The evolution of the consumer behaviours outlined above and the reaction from marketers by investing throughout the different stages of the consumer journeys are a sign of maturation for a discipline that is merely 15 years old. And yet, new search experiences powered by AI are coming to the fore, and are likely to further disrupt the model.

It has been well documented that search is no longer just a search box on a webpage with a list of links. It is literally breaking out of the box; it is changing in some dramatic and exciting ways. Once a function that used to be limited to a text box on a specific site has slowly been integrated into more and more of the technologies/devices, apps and sites we use every day, from phones to gaming consoles. As such, Search becomes more pervasive, but also more personal and predictive.

consumer journey predictionConversations as a Platform is a great embodiment of how the Future of Search makes sense of these 3P (personal, predictive and pervasive). The rise of messaging apps where consumers now spend most of their time and technological advancements in NLP, AI and machine learning are creating rupture that is similar to what we have seen in decades past with the App paradigm. Conversations as a platform unlock a more human, personal way to discover, search for, access and interact with information. This new platform will enable us to interact with devices more intuitively, using natural language conversations, evolving us from mechanical keyboard and mouse to touch and beyond.
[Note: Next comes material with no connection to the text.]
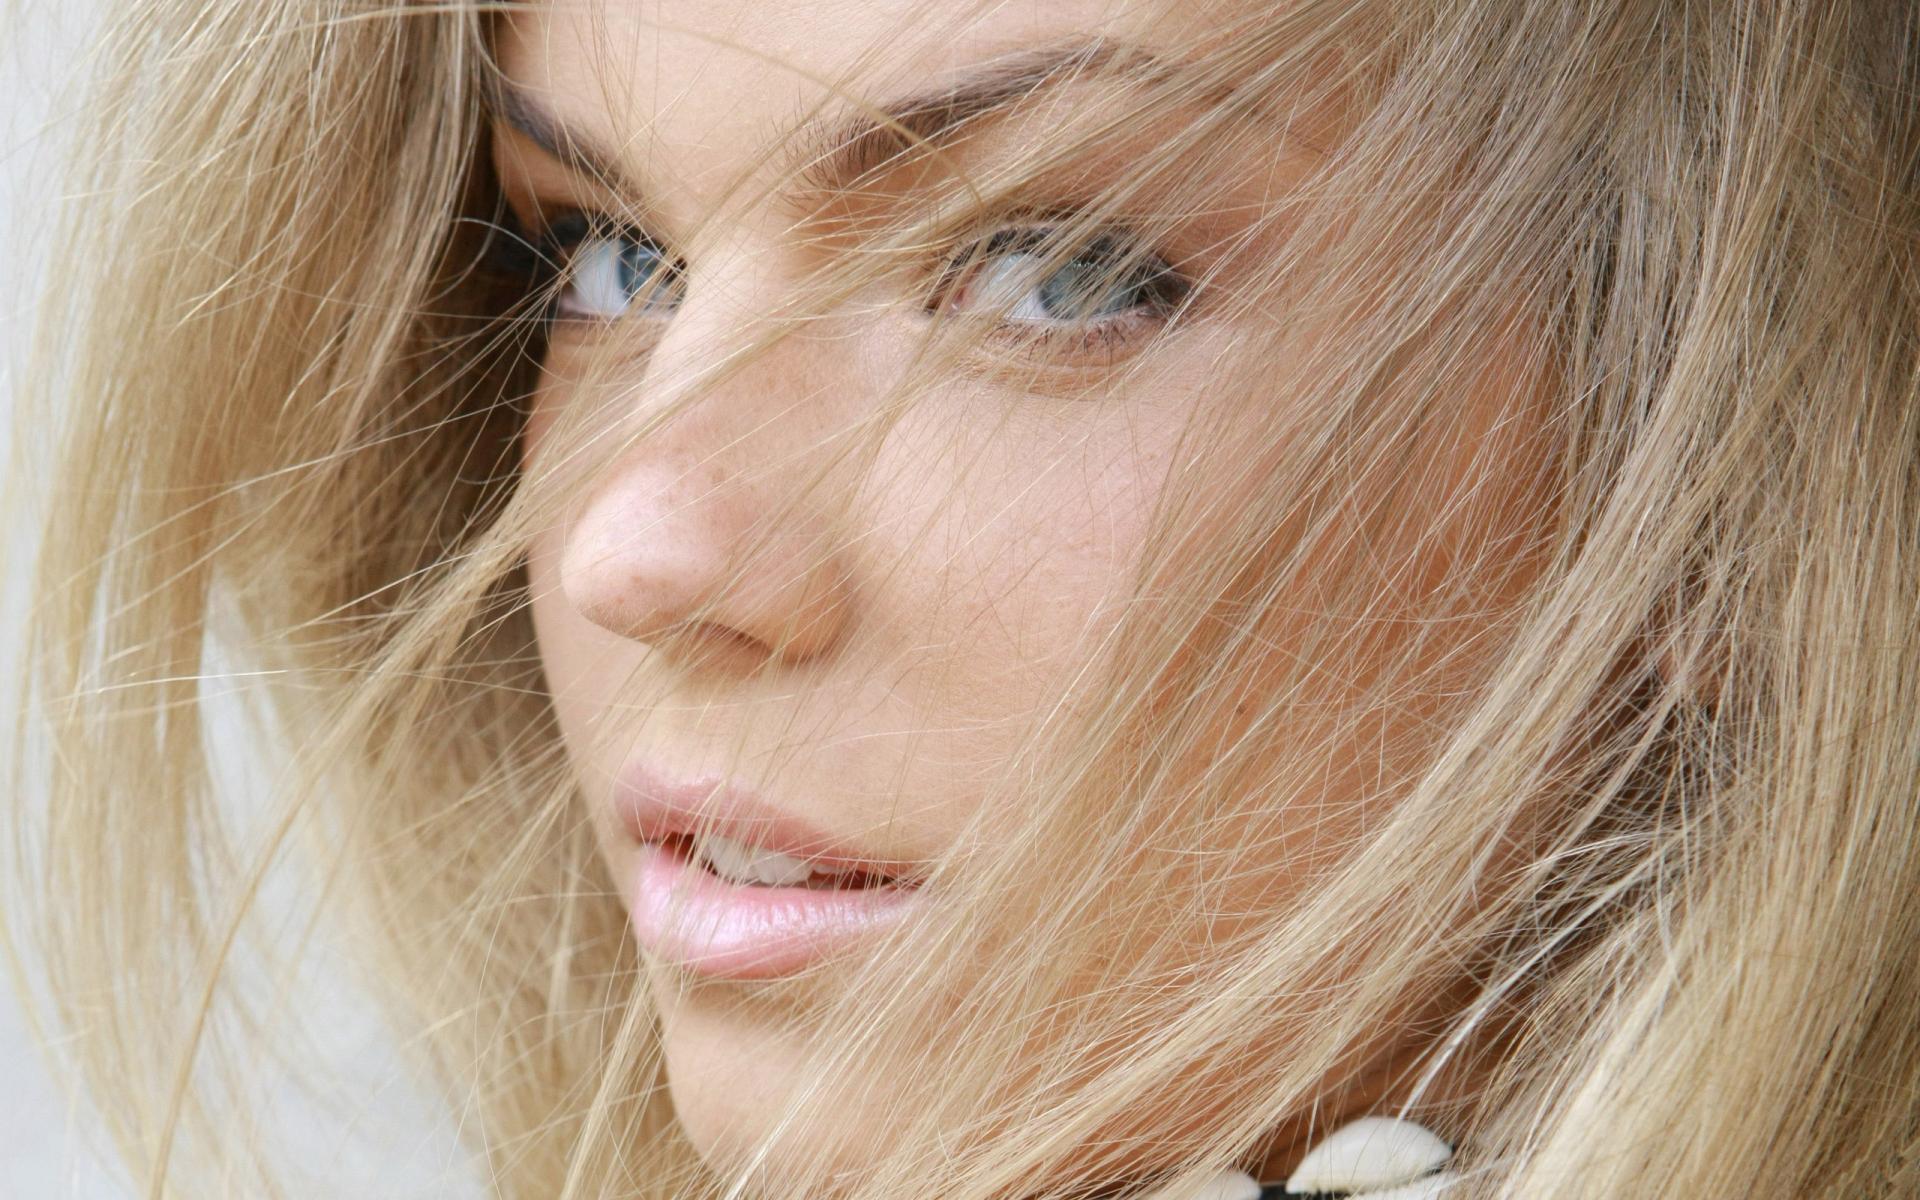 fond-ecran-filles-blondes_19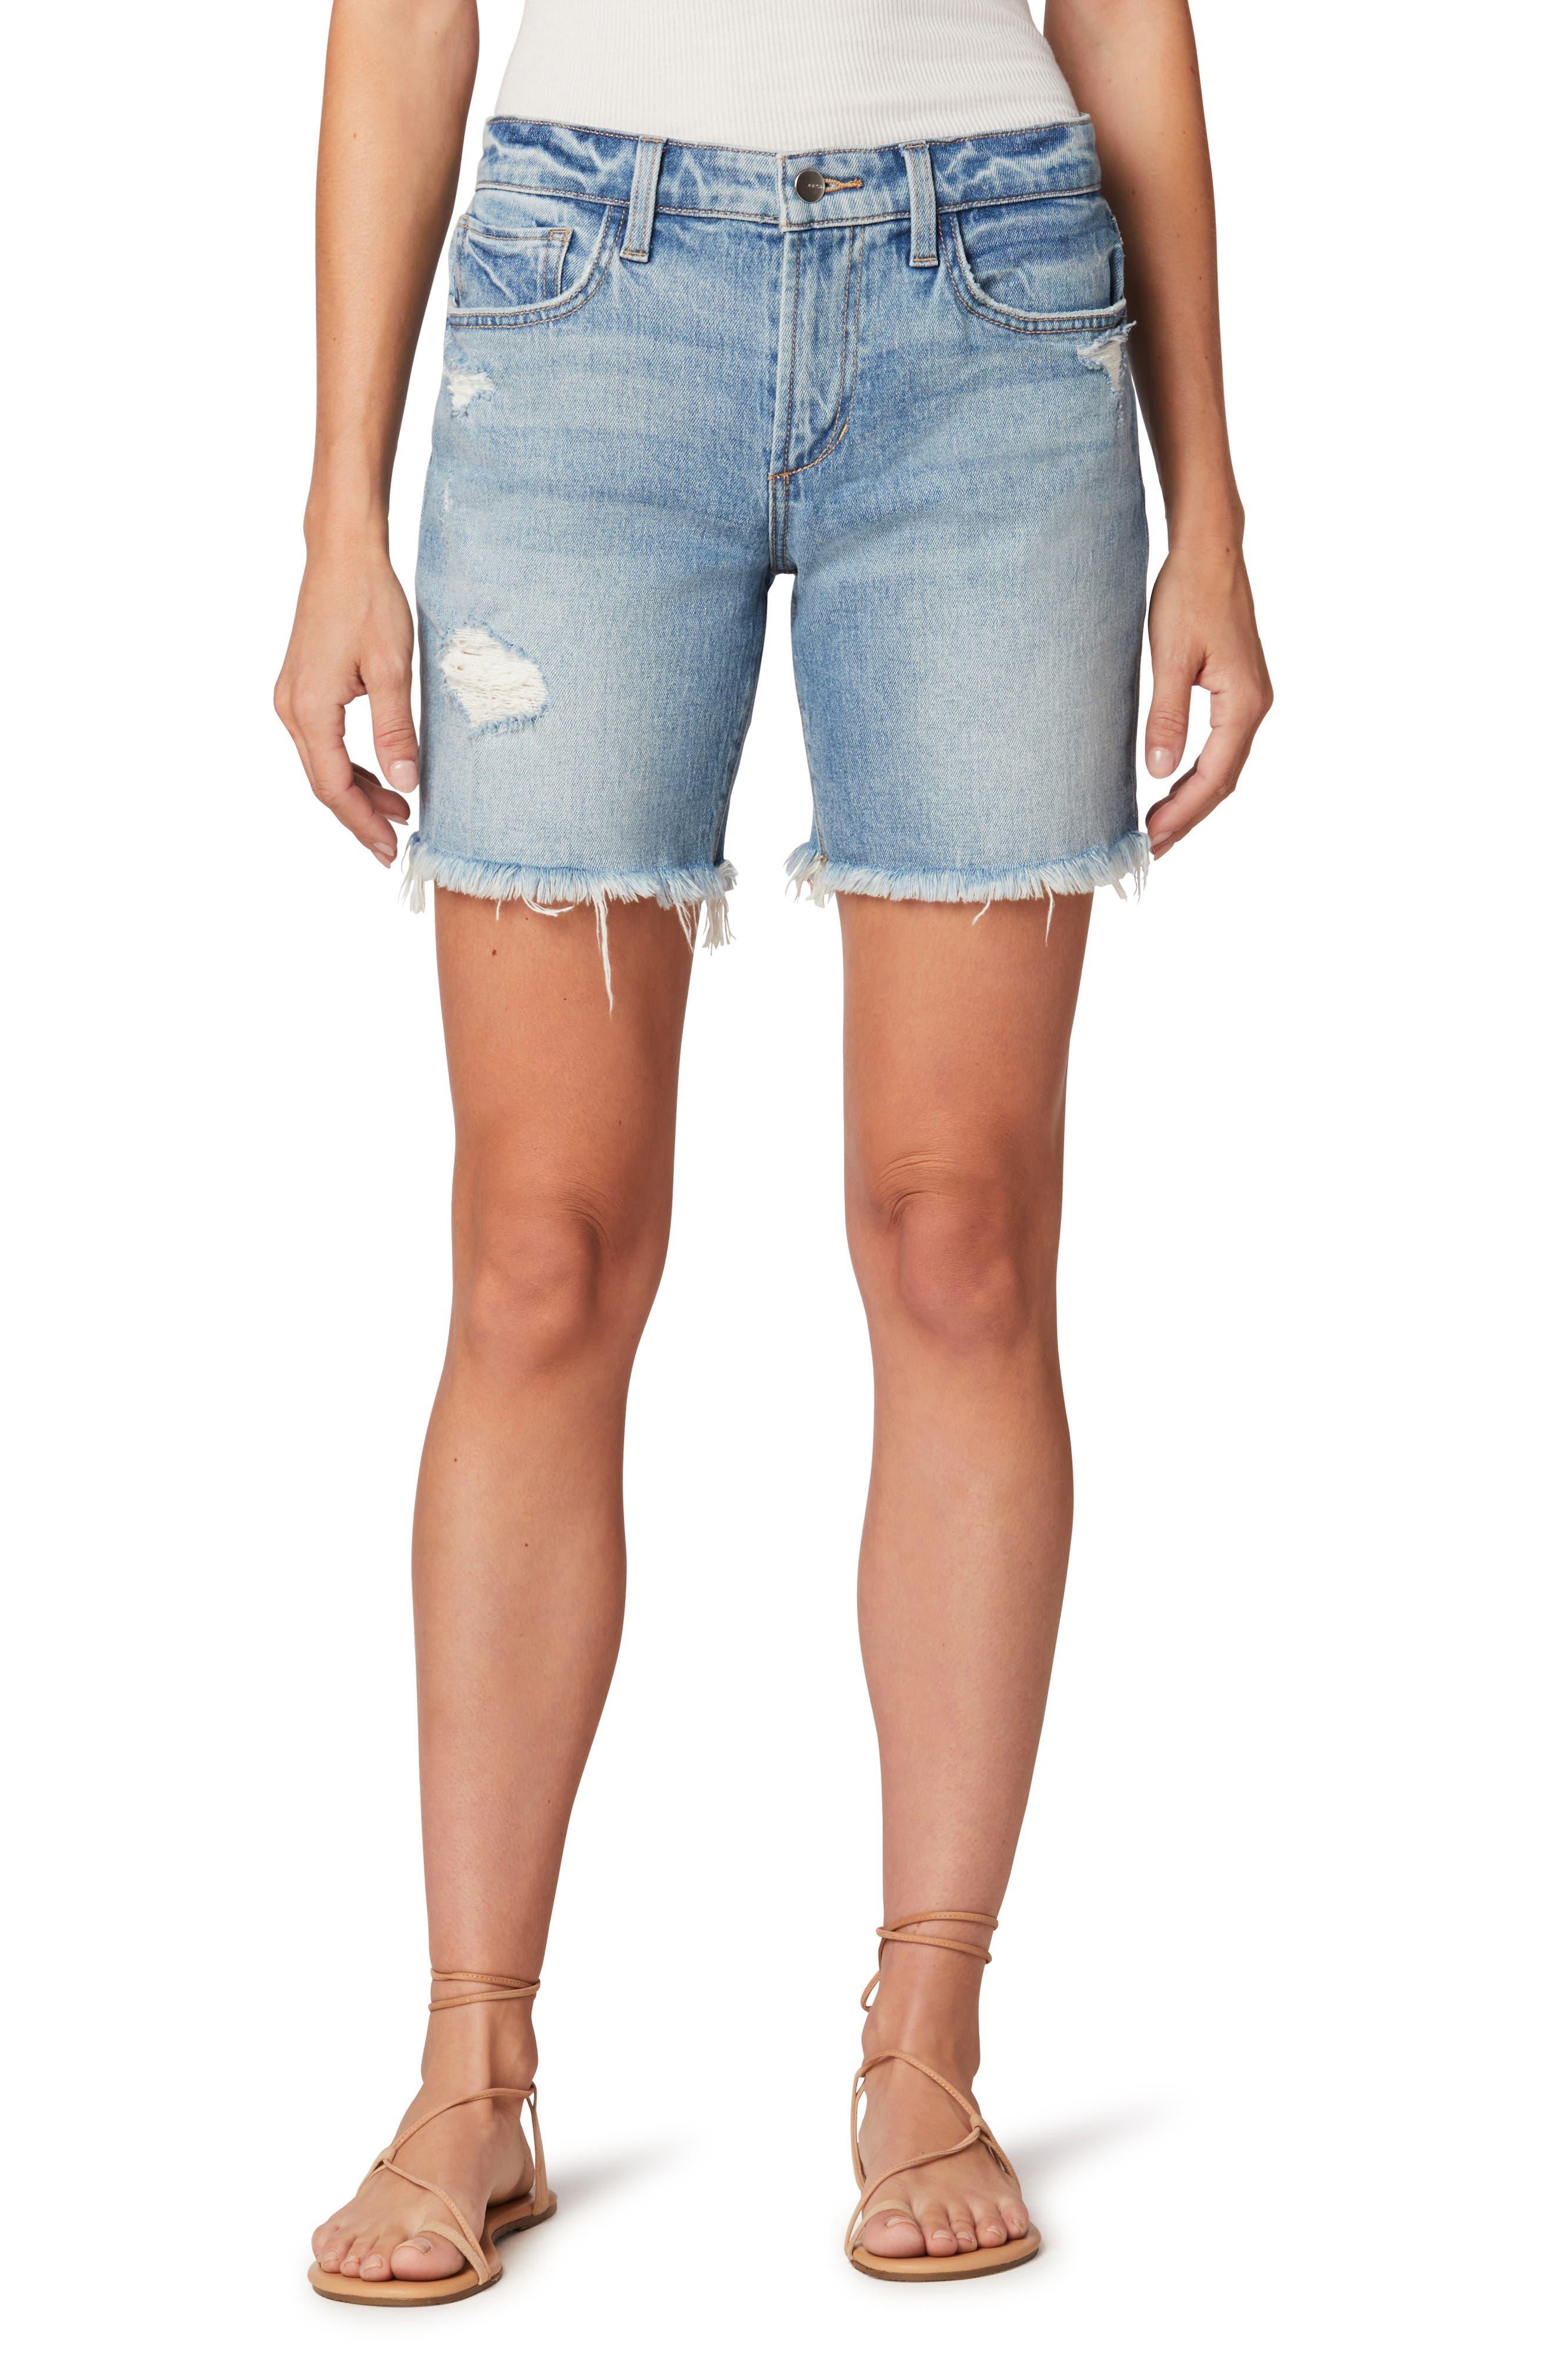 The Lara Ripped Denim Bermuda Shorts

Search will never again be a constrained to writing in a search box. Instead, search will be a partner that can listen and communicate in dialogue with a consumer on any platform and any device. Thanks to new, more natural interfaces, voice search is becoming increasingly possible and accurate. We imagine a rich ecosystem of conversations, ones that include: people to people, people to your personal digital assistant, people to bots, and even personal digital assistants calling on bots on your behalf. That’s the world that you’re going to get to see in the years to come.

We have already covered the current rise of voice search as a result of mobile search adoption, but it is likely to further accelerate as search becomes more pervasive and turns your TV Set, you fridge or your car into a search box. ComScore predicts that by 2020, over 40% of the queries will be voiced rather than typed. It is worth noting that these experiences are often screenless which further disrupt the preconceptions that too many marketers have when they think they have nailed their search strategy.

How do you optimise your web presence for voice search? How do you market to chatbots? How will we see consumer intent evolve in these new experiences? We already seeing that 16% of searches every month had never searched for before. We also see that 25% of the clicks on the Bing Network are from searches not happening on Google… So, the versatility of the above-mentioned consumer journey is likely to continue to increase. And what an exhilarating evolution it is!